Multiphase flows simulation with the particle finite element method and its comparison with eulerian alternatives

JUAN M. GIMENEZ; SANTIAGO MÁRQUEZ DAMIÁN; HORACIO AGUERRE; NORBERTO M. NIGRO; SERGIO R. IDELSOHN

Bariloche

Congreso; ENIEF 2014; 2014

AMCA

The latest version of the Particle-Finite Element Method (PFEM), which incorporates the novel explicit integration strategy named eXplicit Integration of Velocity and Acceleration following Streamlines (X-IVAS), has proven to be fast and accurate to solve homogeneous flows, mainly thanks to the possibility of using large time-steps. In this work the extension of this strategy to solve multiphase flows is presented, where the calculation of the interface evolution is of fundamental importance.
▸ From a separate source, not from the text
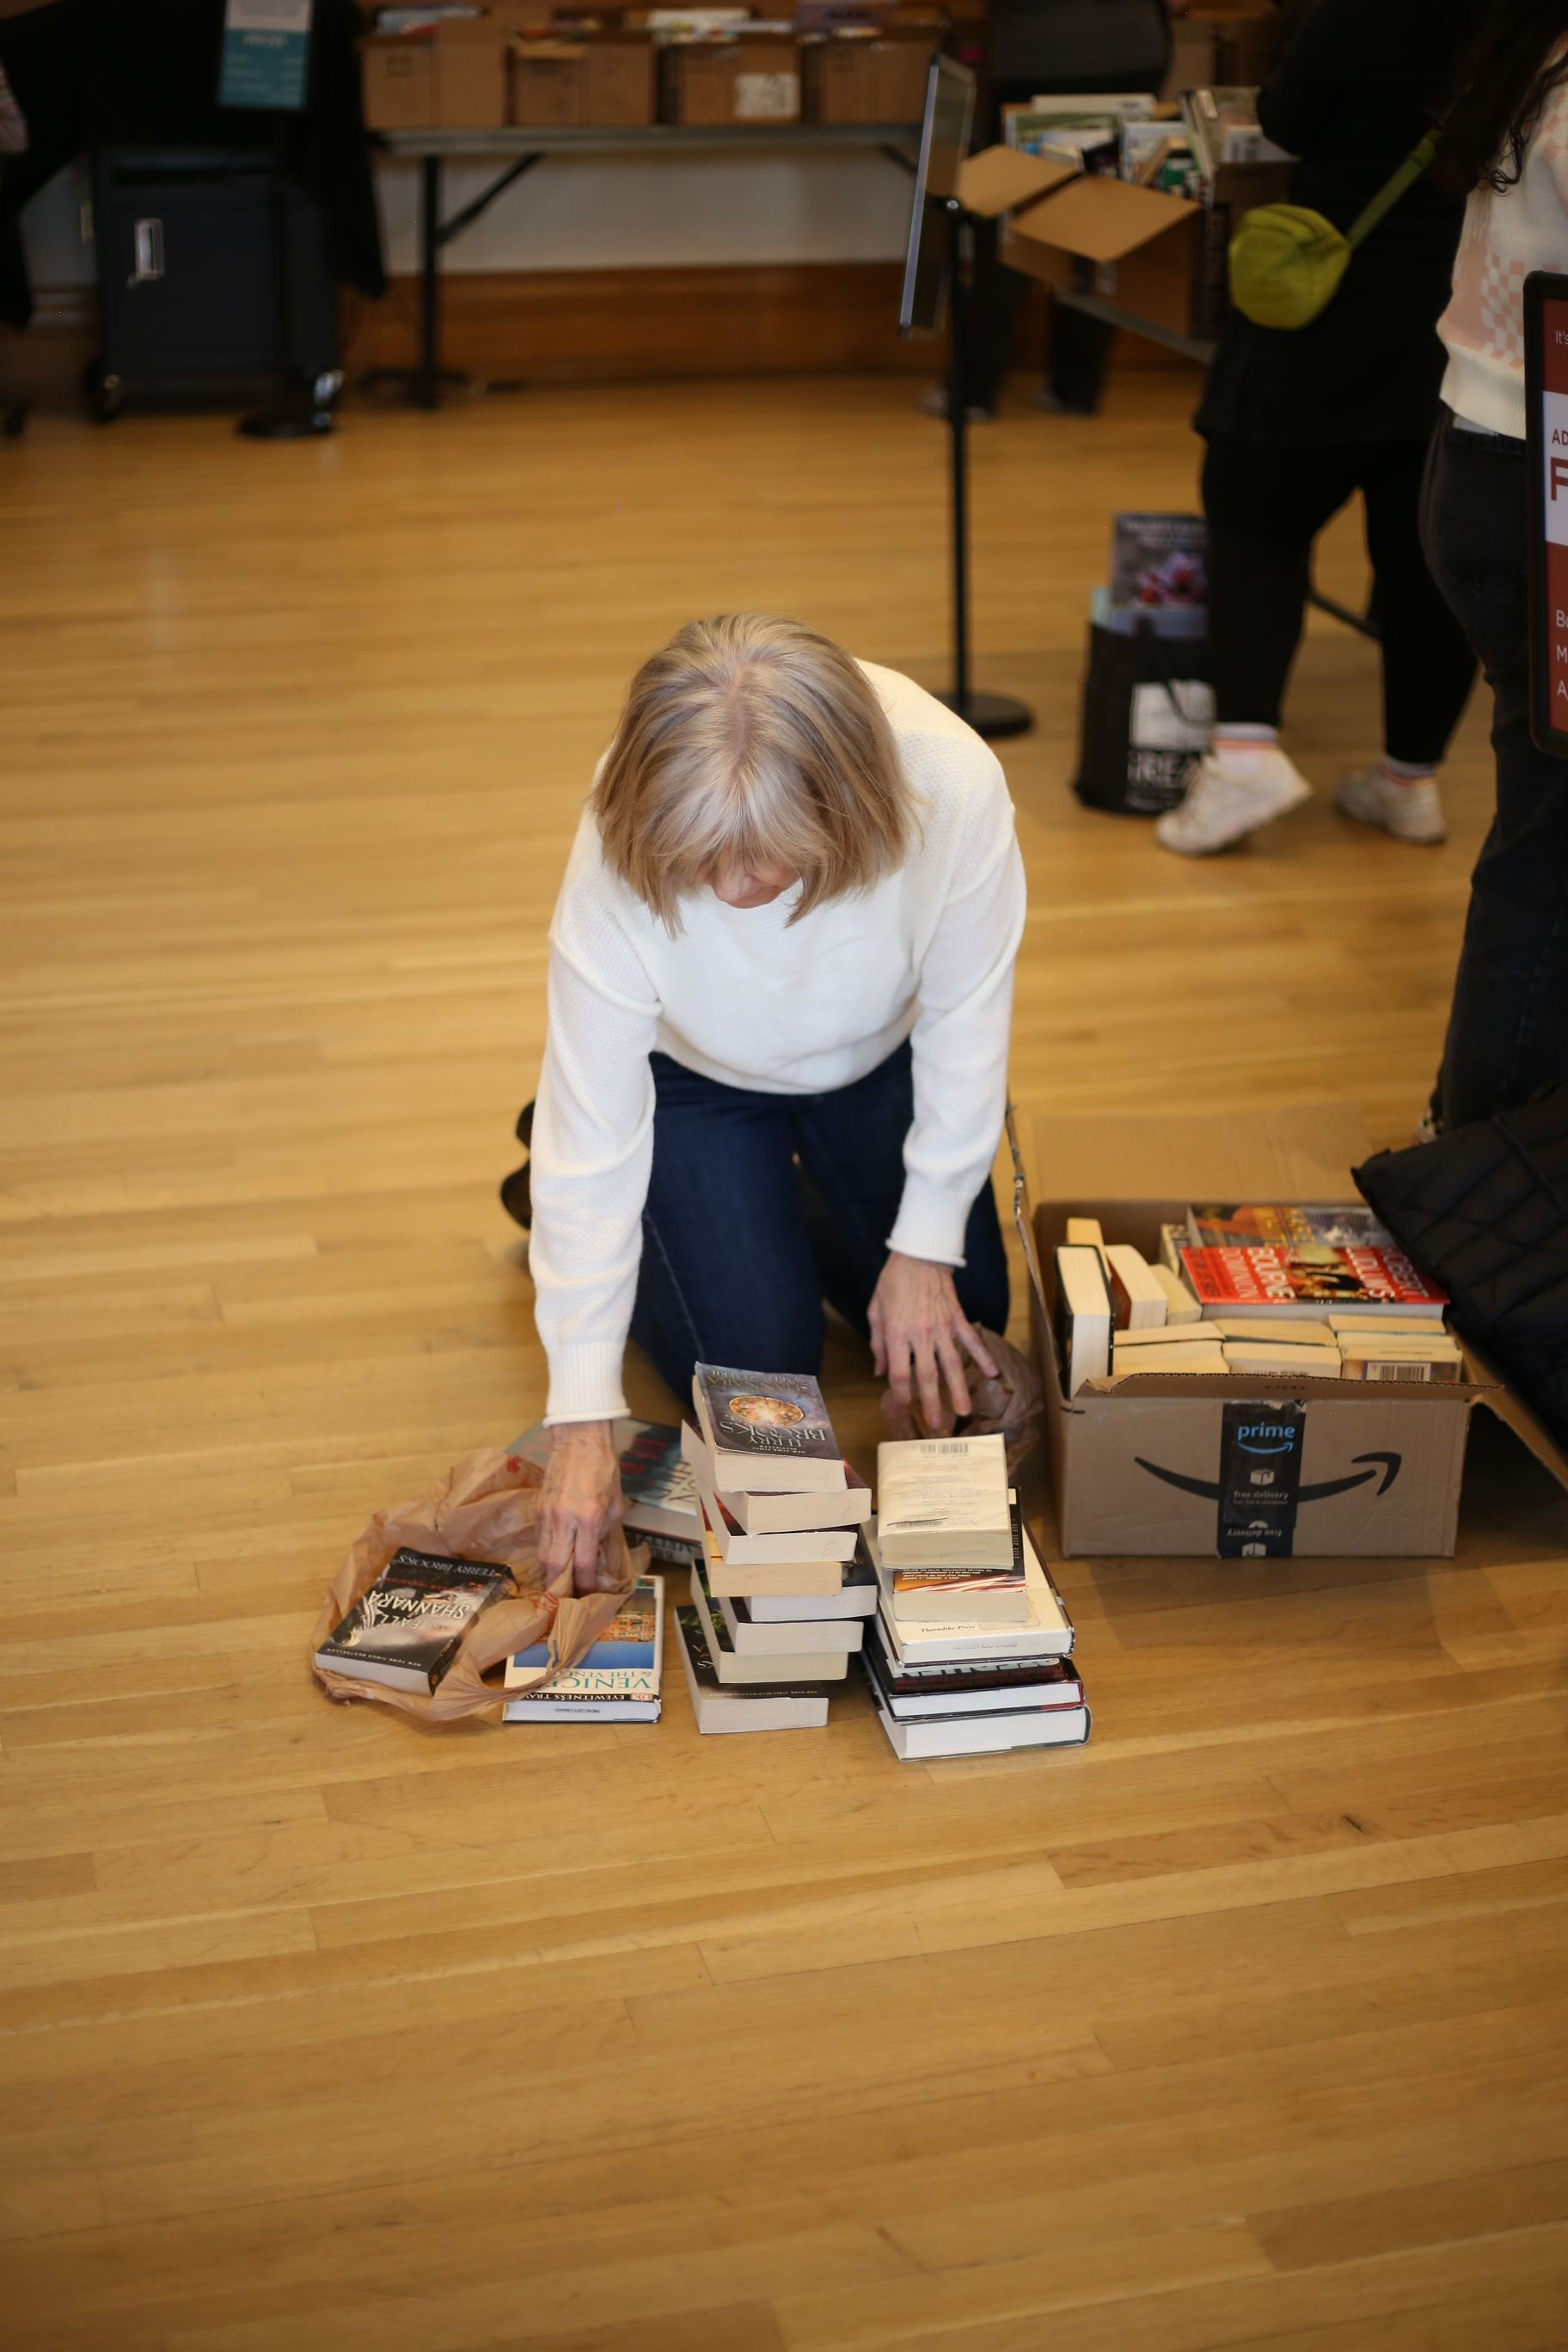 Individuals load boxes full of books at the Provo Library used book sale. (McKenna Jensen)

In Eulerian formulations, one of the most used strategies to determine the interface position is the advection of an indicator function. This approach is followed, by example, in the Volume of Fluid (VoF) technique, which can add limiters as a method of guaranteeing boundedness and/or sharpness of phasefractions. On the other hand, Lagrangian frames use typically marker particles. In the case of PFEM, the same set of particles transported for flow calculation allows to carry a marker function to determinate the interface position without any extra cost. In order to compare the accuracy of PFEM interface evolution strategy with the Eulerian one implemented in the widely used OpenFOAM(R) suite, several classical tests are presented. In addition to capture the sharpen interface evolution, PFEM algorithm includes the use of an enriched finite element space to avoid spurious solutions due to the discontinuity of pressure gradients, which also requires some changes in the streamline integration strategy. The description of those improvements are also presented in this work. Finally the PFEM algorithm is tested for a number of problems involving free surface flows with different ratio between the densities and viscosities of the fluids involved. The accuracy of the results are compared with reference ones, focusing in the capability of using large timesteps in contrast with Eulerian solvers, including those with implicit phase-fractions advection treatment, represented by the OpenFOAM(R)suite.